I accept the opinions of the independent expert witnesses Newman and Washkowitz, which have been supported by a third independent expert, Nichols. I find that the value of the equity of Reorganized Grossman's on the plan's effective date will be $112.5 million, as the mid-point in a range of $100 to $125 million. It follows from this finding that no class will receive more than full payment under the plan. The only conflicting evidence, the opinion of Brumberger, also an independent expert, is that the stock will be worth from $450 to $500 million.
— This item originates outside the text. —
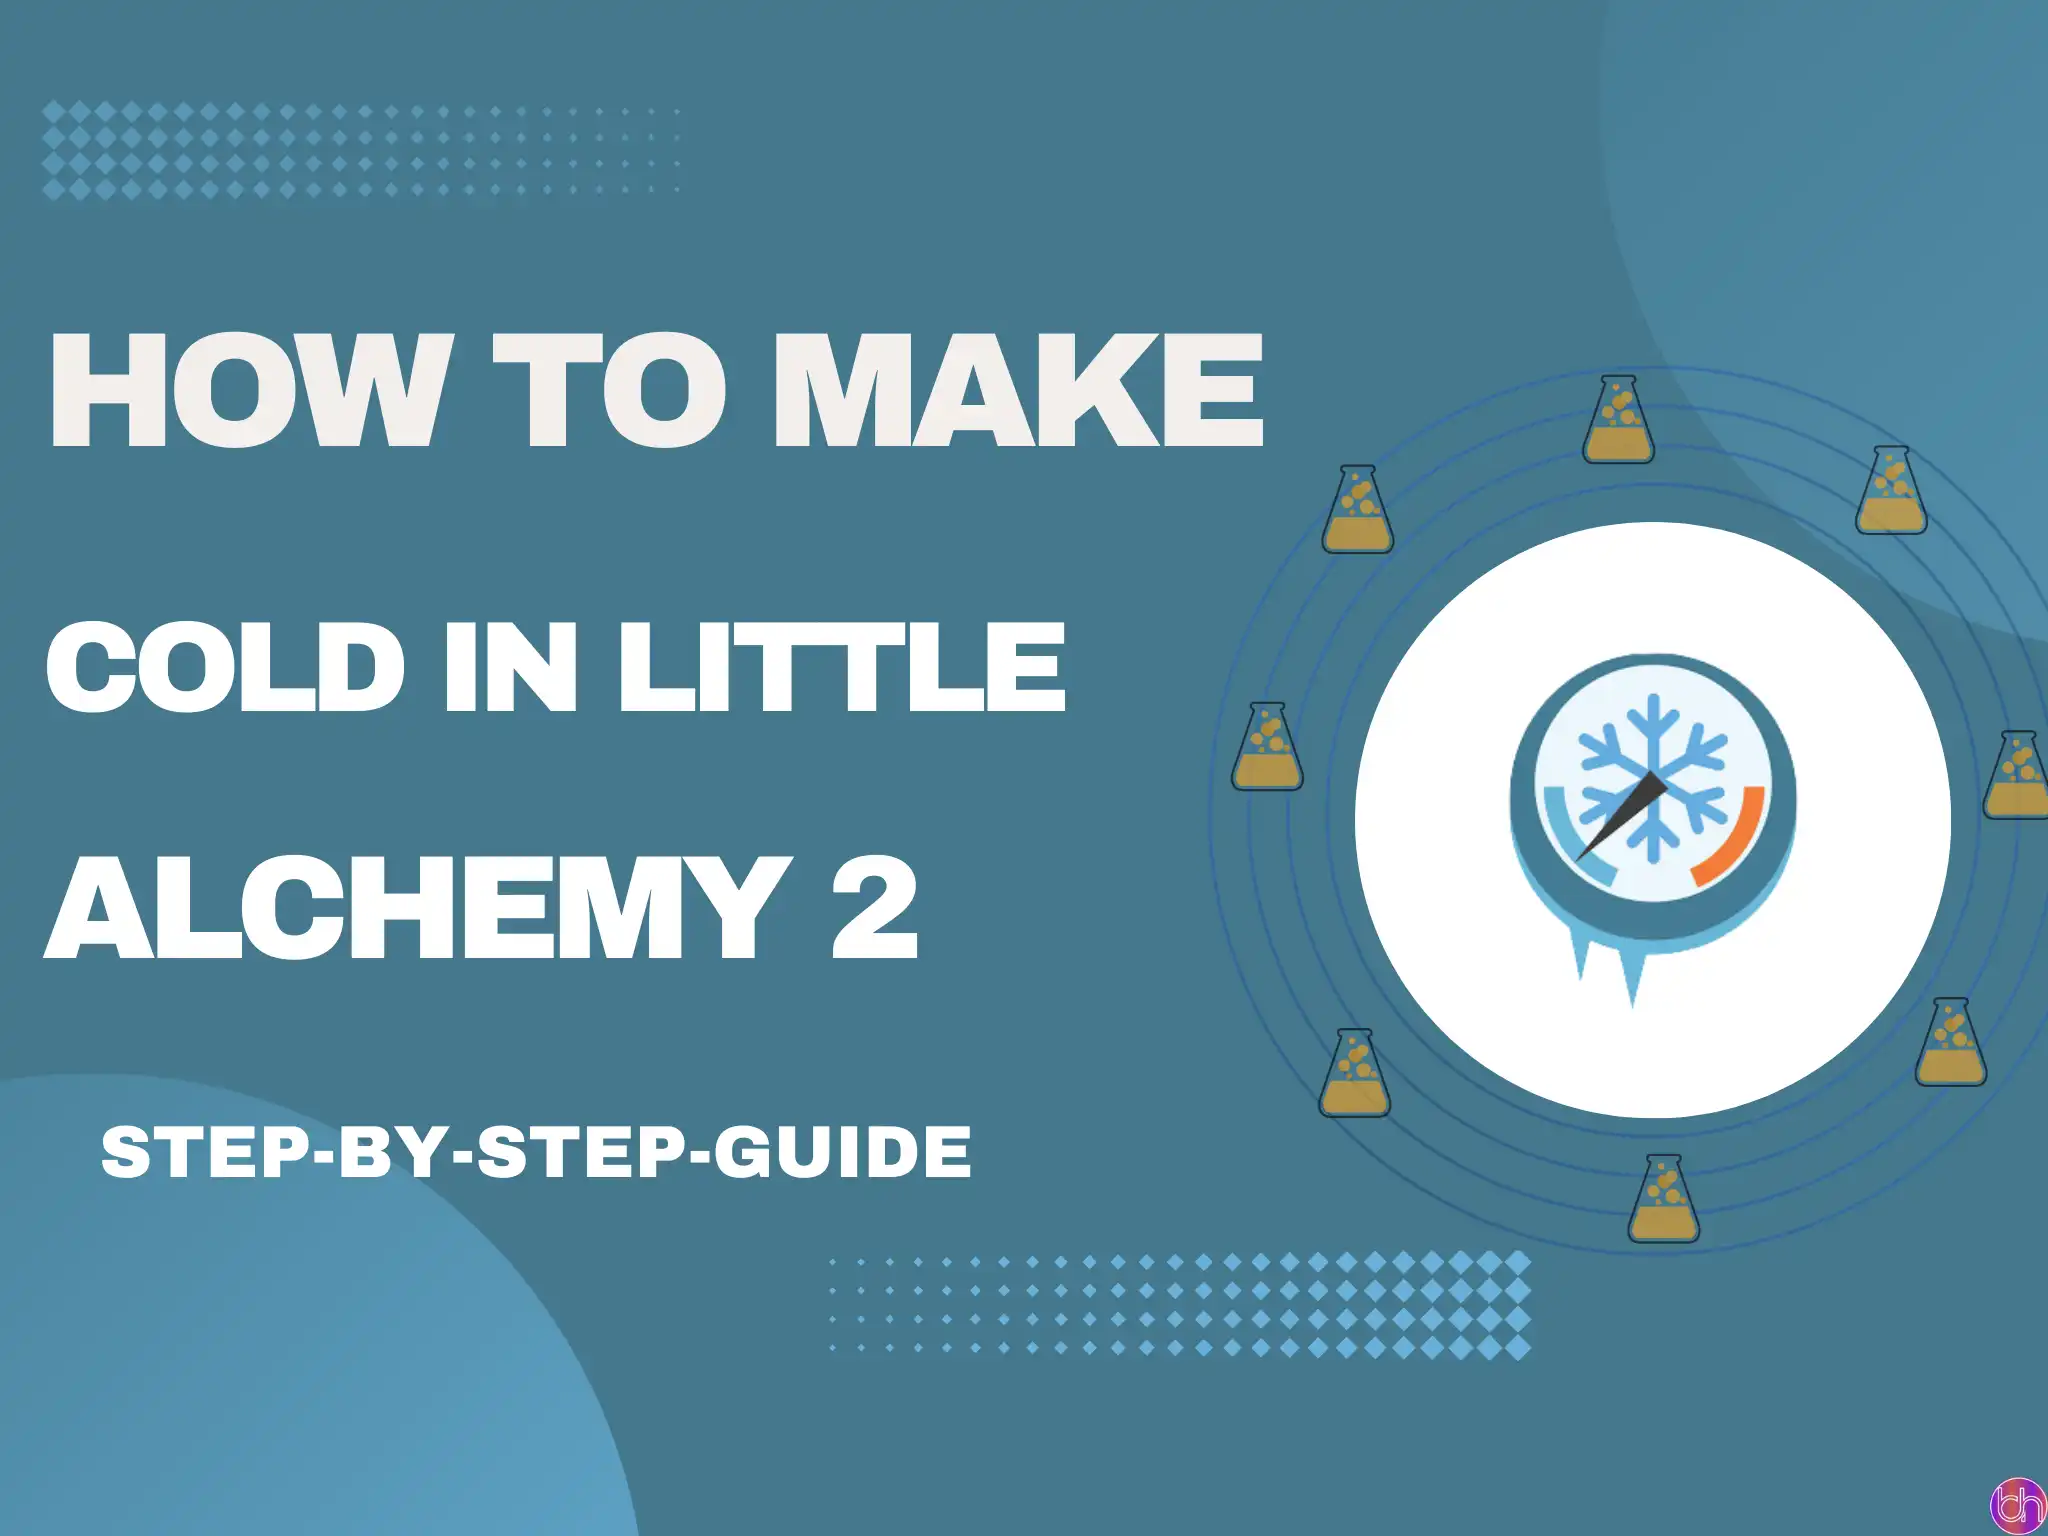 How to make Cold in Little Alchemy 2

I find this valuation completely unpersuasive for the reasons brought out during his cross-examination.
Estimating the value of securities not yet issued based upon projected future earnings of a new entity is not a science. These so-called junk securities have not earned that name by accident. It is appropriate that they be valued with care and conservatively.
I find that the plan complies with § 1129(b). It does not discriminate unfairly against any class, including classes 16 through 20. It is fair and equitable with respect to each class, meeting the test specified in § 1129(b)(2)(B)(ii).
The debtors and the non-insider equity committee have specified a number of other objections to confirmation. The committee's post hearing memo identifies 16 respects in which it argues this plan is fatally defective. With the exception just discussed, none raises an issue of disputed fact. I have considered each carefully. I find them without merit. The plan proponents have anticipated and answered these contentions and no purpose would be served by further discussion of them here.
Bankruptcy Rule 9014 grants this court discretion in a contested matter like this, as distinct from an adversary proceeding, to disregard B.R. 7052, which requires detailed findings of fact and separate conclusions of law in litigated adversary proceedings. I exercise that discretion here and disregard that requirement to the extent it would call for any factual findings or legal conclusions not already expressed here or in the accompanying Order Confirming Plan (which tracks bankruptcy Official Form No. 31.)
In doing so, I disappoint counsel who do not share this court's responsibility to decide without delay the other matters before it. For me it is an issue of survival.
It is almost inevitable when shareholders are wiped out in corporate reorganization, as is mandated here, that at least some of them will either deliberately or inadvertently obstruct or delay the reorganization in the hope that senior creditors (who lose by each day's delay) will be forced by the mere threat of delay to buy them off. The right of review is sacred to me, but unnecessary delay in the process of review is intolerable in any case. Only a court can prevent unnecessary delay. It must make every effort to do so.
Therefore, although I do not shorten the time for motions under B.R. 9023 or 9024, notice is given now that a hearing will be held on Thursday, July 17, 1986, at 10:30 a.m. in Courtroom 1406, at 51 S.W. 1st Avenue, Miami, Florida to consider any such motions pertaining to confirmation and any requested stay under B.R. 8005 pending appeal or in contemplation of appeal.